Processing large time series of raster data is **difficult**

**Example**:

We have many decades of daily raster data, and want to get:

- Seasonal means and standard deviations

- Long time-series across specific points

- Individual images at specific times

# HOW?

## `XArray`

The power of `pandas` for multidimension arrays

- Labelled

- Multidimensional

- Efficient

- Easy to use!

## Related tools / Prerequisites?

- `python` (obviously!)
- `numpy`
- `pandas`
- `matplotlib`
- `GDAL`
- `rasterio`

## Previous experience?

**Q:** How many people are experienced with `numpy`?

**Q:** ...with `pandas`?

**Q:** ...with `GDAL`?

In [None]:
import datetime

%matplotlib inline
import numpy as np
import matplotlib.pyplot as plt
import pandas as pd

In [26]:
import xarray as xr

## Example

In [None]:
PM25 = xr.open_dataarray('/Users/robin/code/MAIACProcessing/All2014.nc')

In [None]:
PM25.shape

In [None]:
PM25.dims

In [None]:
seasonal = PM25.groupby('time.season').mean(dim='time')

In [None]:
seasonal.plot.imshow(col='season', robust=True)

In [None]:
time_series = PM25.isel(x=1000, y=1100).to_pandas().dropna()

In [None]:
time_series

In [None]:
one_day = PM25.sel(time='2014-02-20')

In [None]:
one_day.plot(robust=True)

## Plan

- Introduction to XArray

- Efficient processing with `dask` and `dask.distributed`

- Getting raster data into XArray

- Geographic processing

- Where next...?

## Introduction to XArray

`xarray.DataArray` is a fancy, labelled version of a `numpy.ndarray`

`xarray.Dataset` is a collection of multiple `DataArray`s which share dimensions

In [None]:
arr = np.random.rand(3, 4, 2)

In [None]:
xr.DataArray(arr)

In [None]:
xr.DataArray(arr, dims=('x', 'y', 'time'))

In [None]:
da = xr.DataArray(arr,
                  dims=('x', 'y', 'time'),
                  coords={'x': [10, 20, 30],
                          'y': [0.3, 0.7, 1.3, 1.5],
                          'time': [datetime.datetime(2016, 3, 5),
                                   datetime.datetime(2016, 4, 7)]})

In [None]:
da

In [None]:
da.sel(time='2016-03-05')

In [None]:
da.isel(time=1)

In [None]:
da.sel(x=slice(0, 20))

In [None]:
da.mean(dim='time')

In [None]:
da.mean(dim=['x', 'y'])

In [None]:
PM25.sel(time='2014').groupby('time.month').std(dim='time')

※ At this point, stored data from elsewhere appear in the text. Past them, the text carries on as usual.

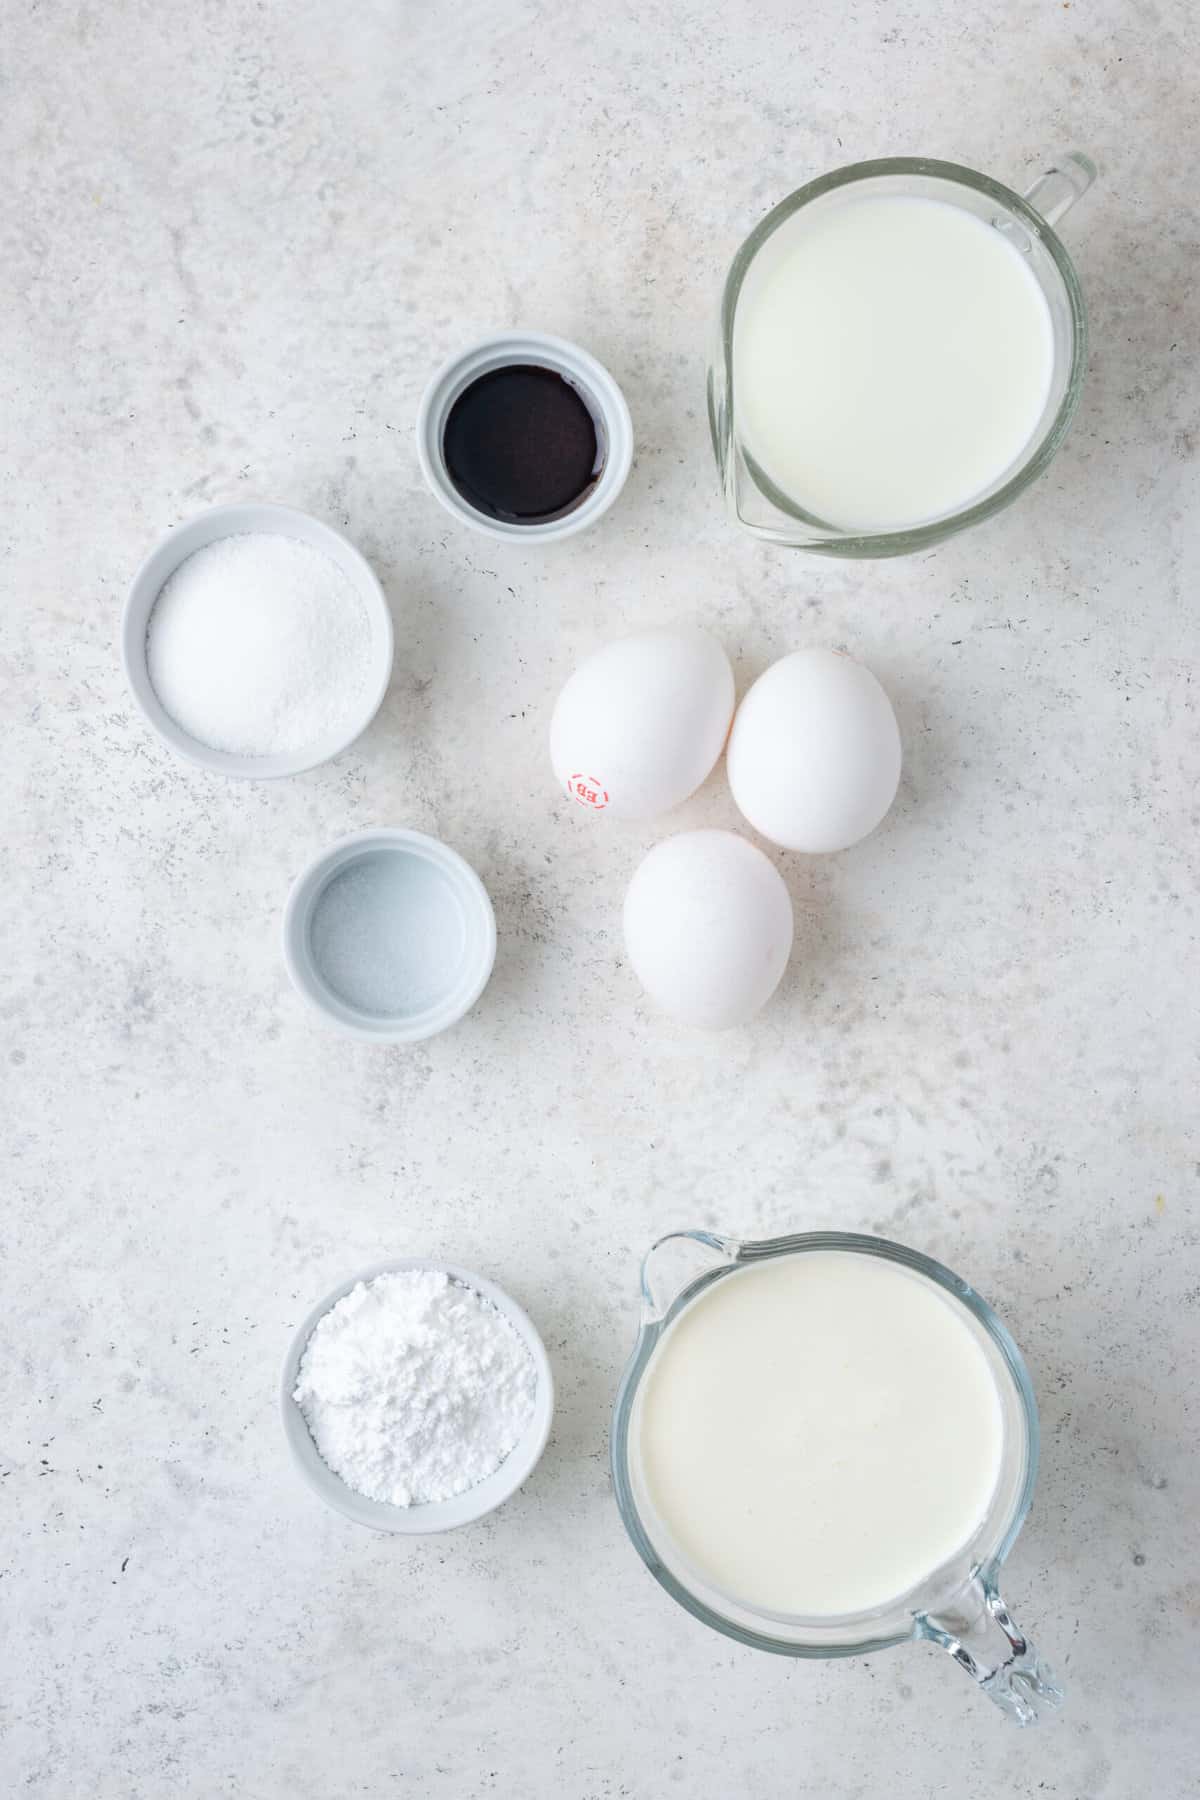 Ingredients needed to make Gluten-Free Bismark Donuts, including eggs, vanilla, and more, are shown in an overhead shot.
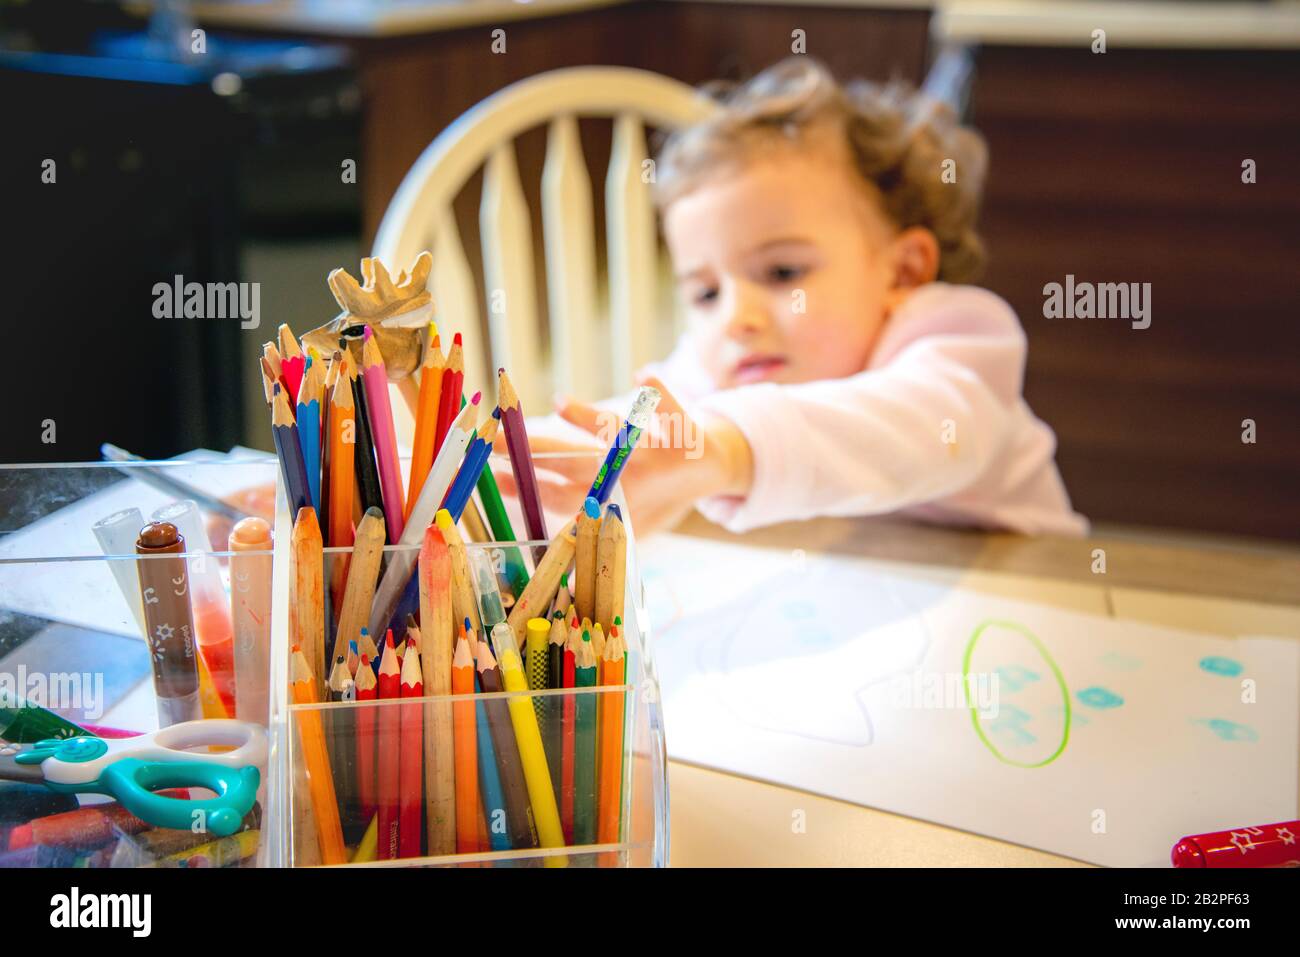 colored pencils in the foreground in focus, child reaching across to select different one. Stock Photo
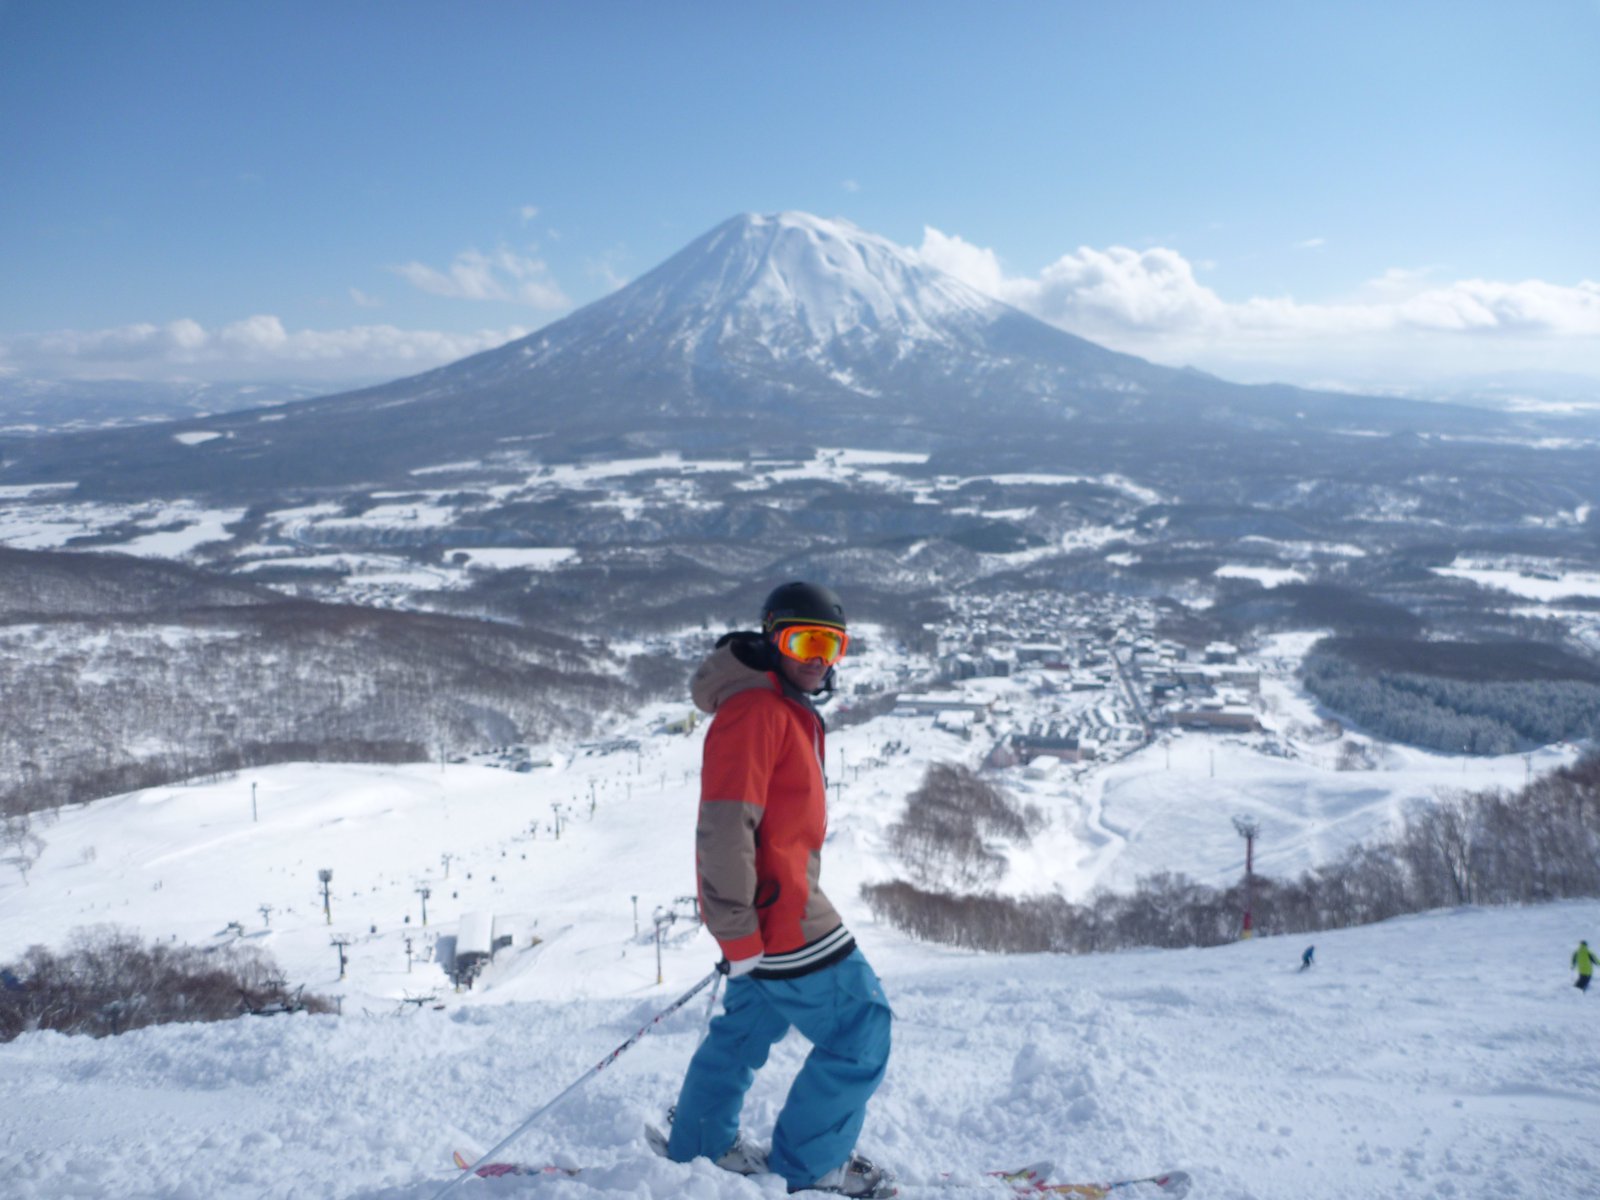 View of Mt Yotei from the Niseko slopes
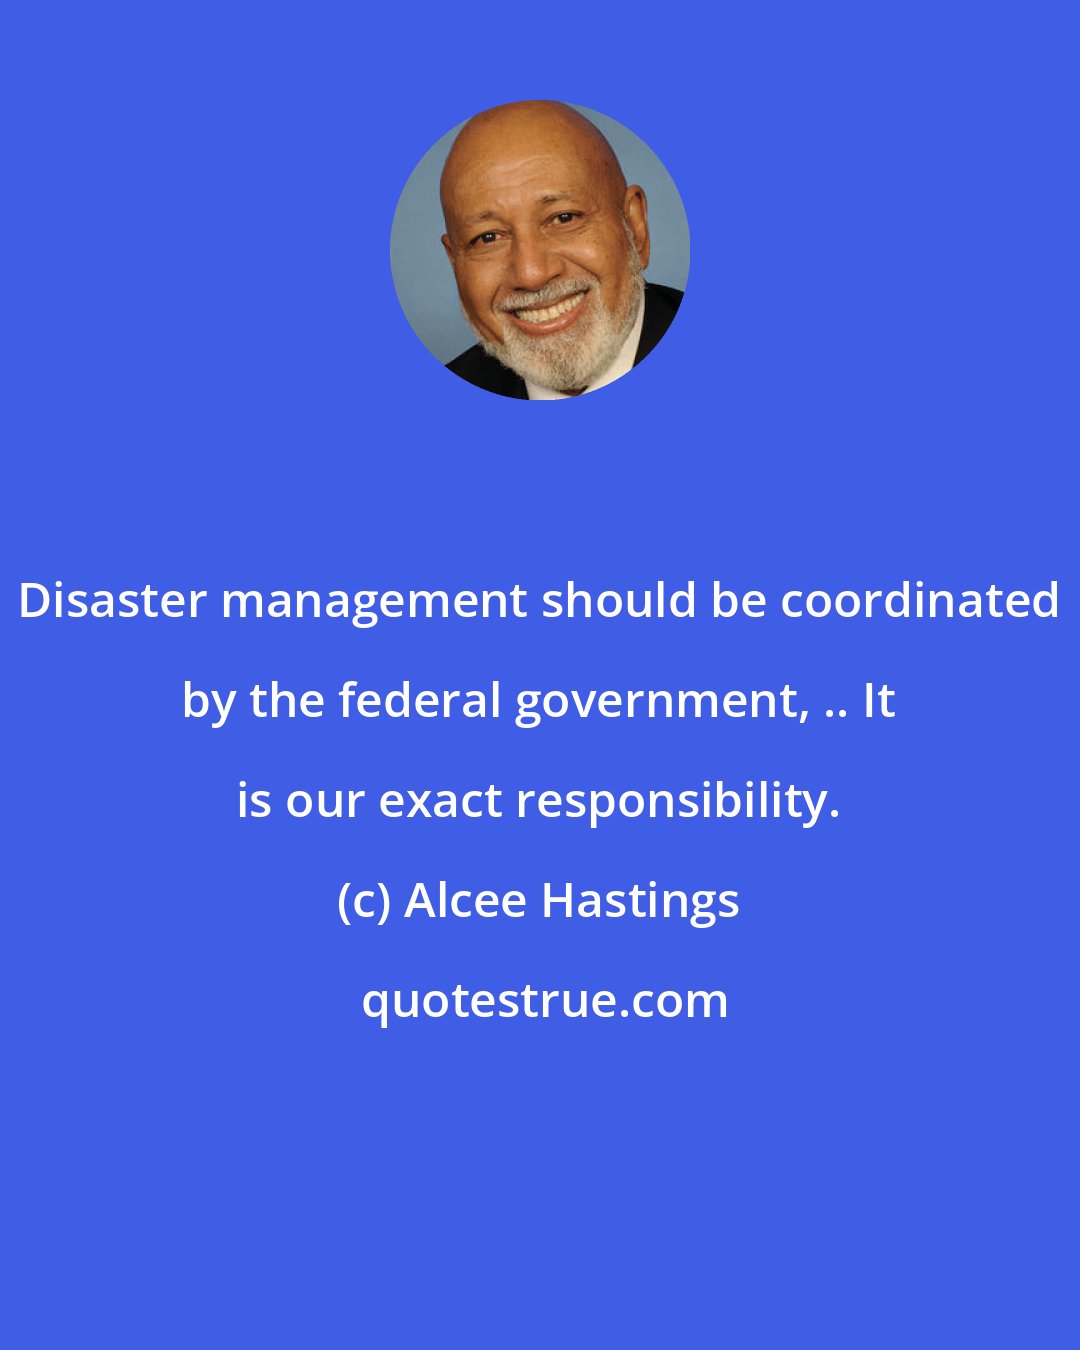 Alcee Hastings: Disaster management should be coordinated by the federal government, .. It is our exact responsibility.
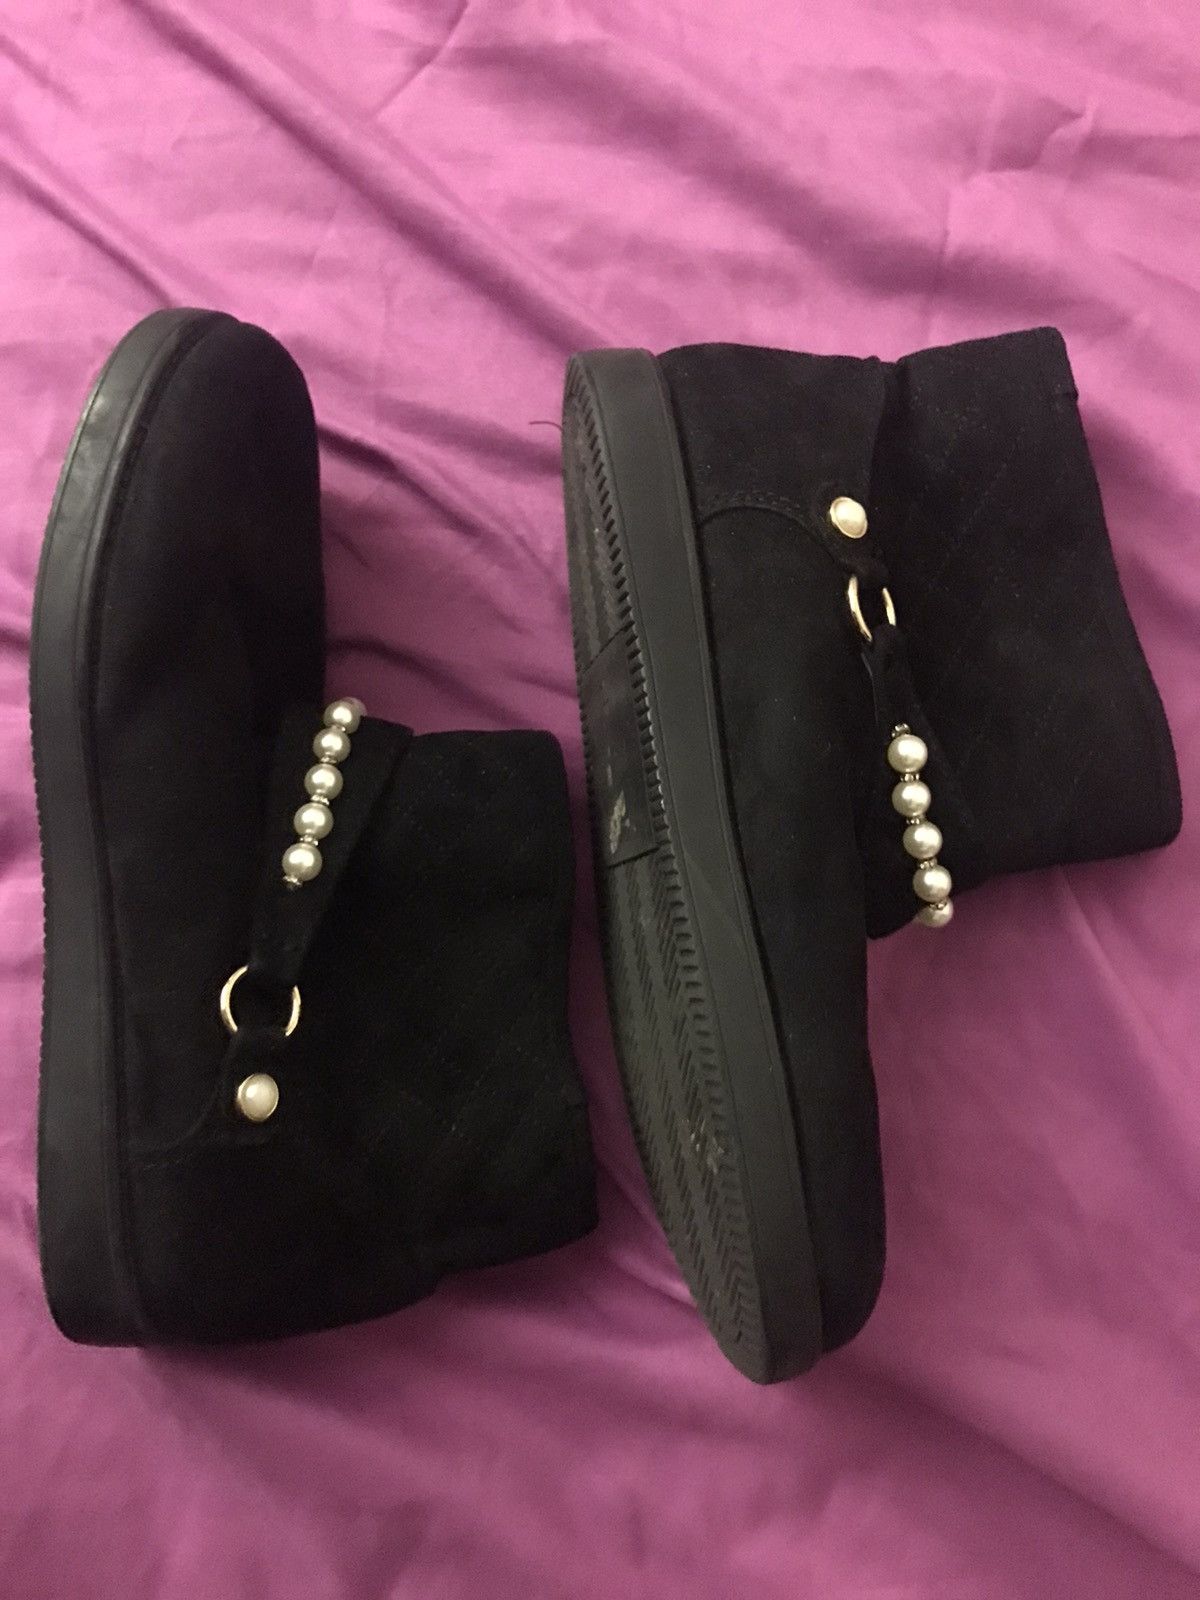 The Unbranded Brand Women’s Winter Boots With Fur & Beads Size US 10 / IT 40 - 5 Thumbnail

## Efficient processing with `dask` and `dask.distributed`

`dask` creates a *computational graph* of your processing steps, and then executes it *as efficiently as possible*.

This includes *only loading data that is actually needed* and *only processing things once*.

## NetCDF
- Data format for multidimensional array data

- Basically the same as a `Dataset`

- Can read in *chunks*

In [None]:
data = xr.open_mfdataset(['DaskTest1.nc', 'DaskTest2.nc'], chunks={'time':10})['data']
avg = data.mean(dim='time')

[Dask execution graph](ExampleGraph_1.png)

In [None]:
seasonal = data.groupby('time.season').mean(dim='time')

[Dask execution graph](ExampleGraph_2.png)

## `dask.distributed`

All of these different *chunks*, and separate processing chains can be run on **separate computers**.

- [Dask Distributed Example](Dask Distributed Example.ipynb)
- [Live Dashboard](http://localhost:8787)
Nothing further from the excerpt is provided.